# One two, one two ... testing ...



## Dietz (Feb 13, 2005)

_[cough]

[knock knock]_

... is this microph-_[FEEEEEEEEEEEEEEEEEEP!!!!!]_ :shock: 

Oh, I see - thank you. 

****

Well, seems to be a _very_ nice place here. I'll drop by as often as I can.

See you then! 

____________

/Dietz (.... a freelance soundengineer and music-producer who happens to be involved in the mad undertaking called The Vienna Symphonic Library)

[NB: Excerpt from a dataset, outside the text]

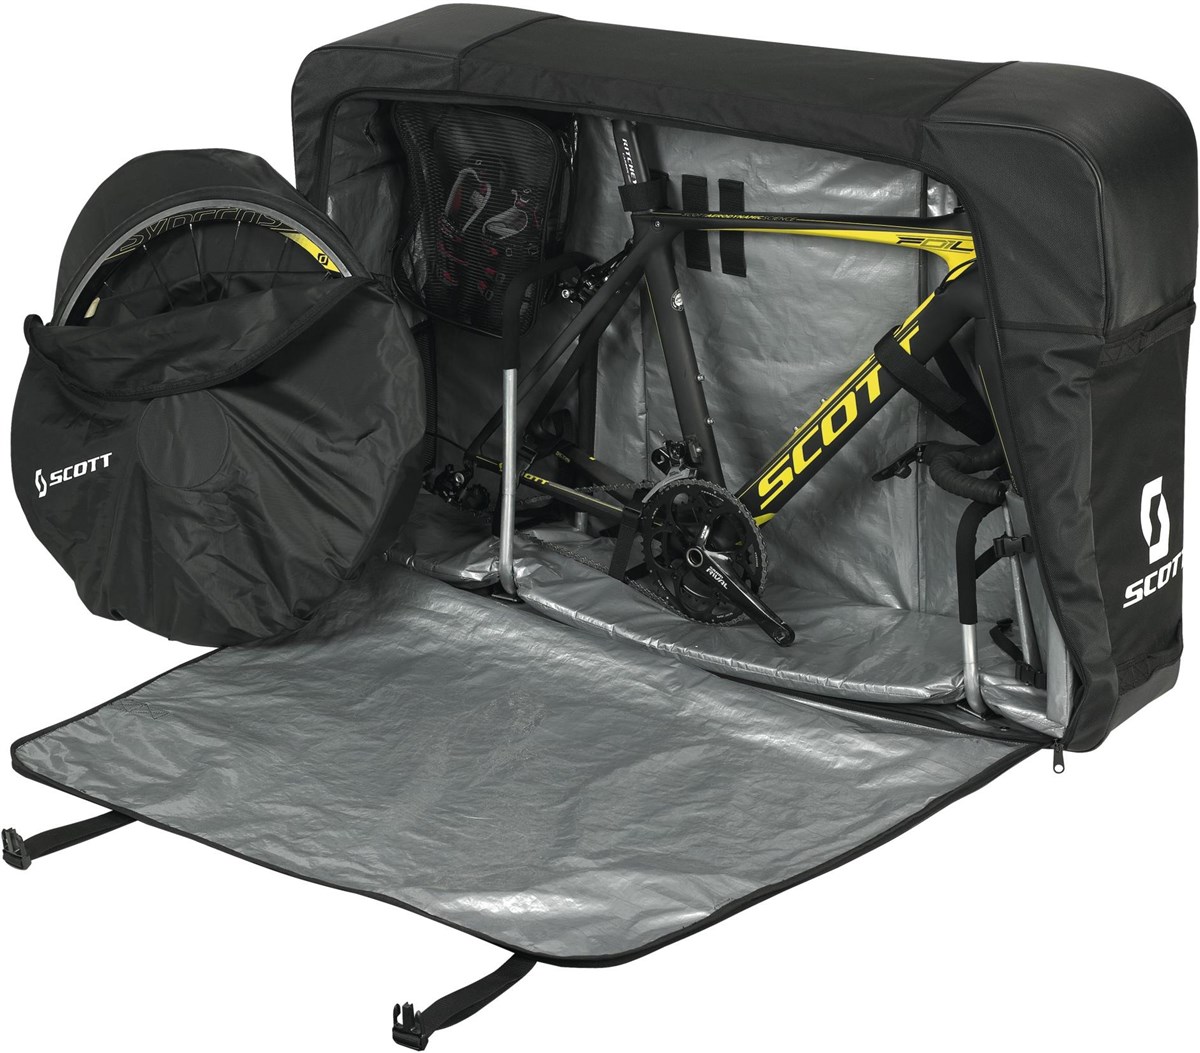 Scott Premium Bike Transport Bag product image

PS: Thanks, Maya, for the URL!


----------



## Marsdy (Feb 13, 2005)

Howdy


----------



## lux (Feb 13, 2005)

hehe...welcome Dietz!

Luca


----------



## Sid_Barnhoorn (Feb 13, 2005)

Lol, Dietz, welcome to V.I.!


----------



## Frederick Russ (Feb 13, 2005)

Dietz! Welcome to VI! :o :D


----------



## Herman Witkam (Feb 13, 2005)

Dietz said:


> _[cough]
> [knock knock]_
> 
> ... is this microph-_[FEEEEEEEEEEEEEEEEEEP!!!!!]_ :shock:
> ...



Get one of those betas to avoid feedback 
Welcome to V.I. !


----------



## Chrislight (Feb 13, 2005)

:lol: Welcome Dietz! Enjoy yourself while you are here. :D


----------



## Patrick de Caumette (Mar 7, 2005)

Hello Dietz, welcome to VI!

Can you share some VSL ultra secret info with us?
We won't tell anyone :roll:


----------



## handz (Mar 7, 2005)

Welcome aboard! 8)


----------